**What the exercise asks:** In the entries below, the lines from the one with "Capitole, Washington, DC, USA, Congrès, états-Unis, amerique" through the one with "Czy aplikacja Teams" are to be copied exactly; both ends count.

#### Data provided

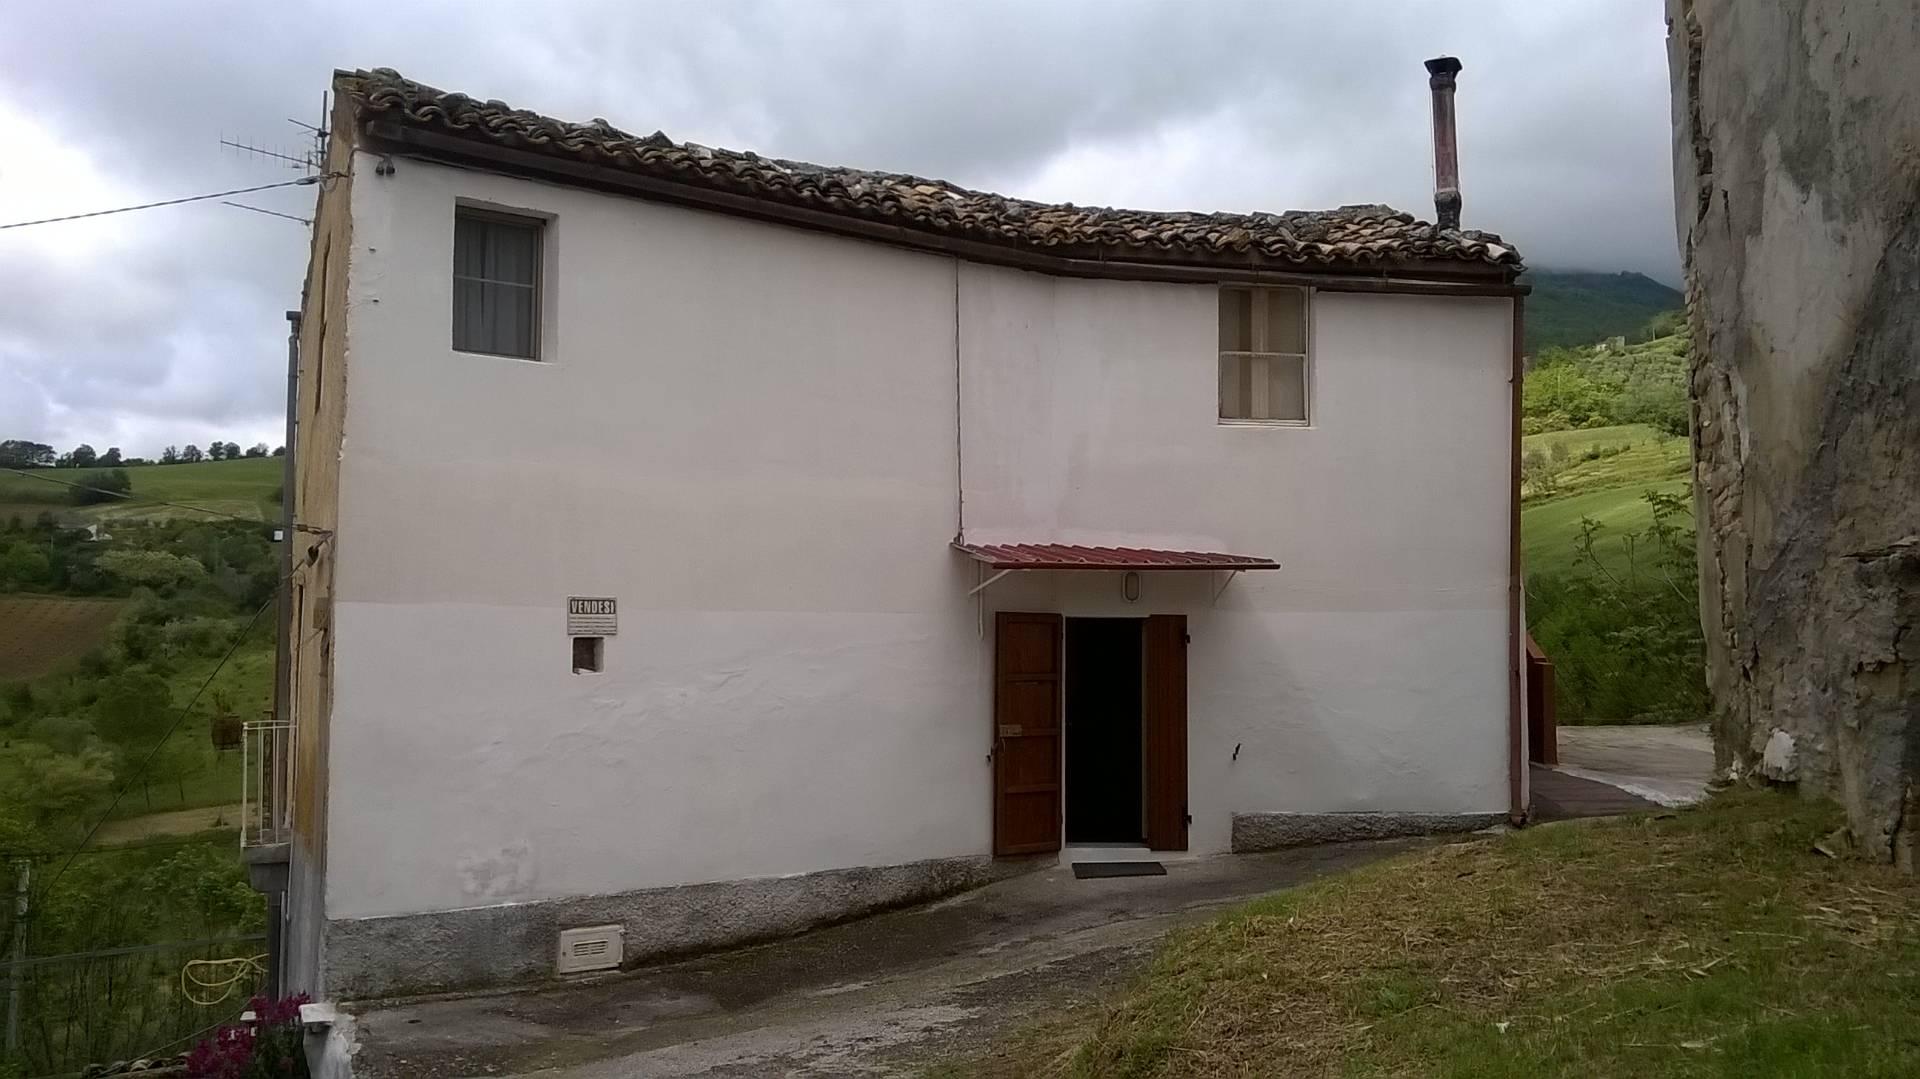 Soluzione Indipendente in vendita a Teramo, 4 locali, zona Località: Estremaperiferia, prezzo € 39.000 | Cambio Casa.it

########
#### Data provided

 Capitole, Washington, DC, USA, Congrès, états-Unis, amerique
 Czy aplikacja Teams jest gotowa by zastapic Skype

########

**Answer space:**
 Capitole, Washington, DC, USA, Congrès, états-Unis, amerique
 Czy aplikacja Teams jest gotowa by zastapic Skype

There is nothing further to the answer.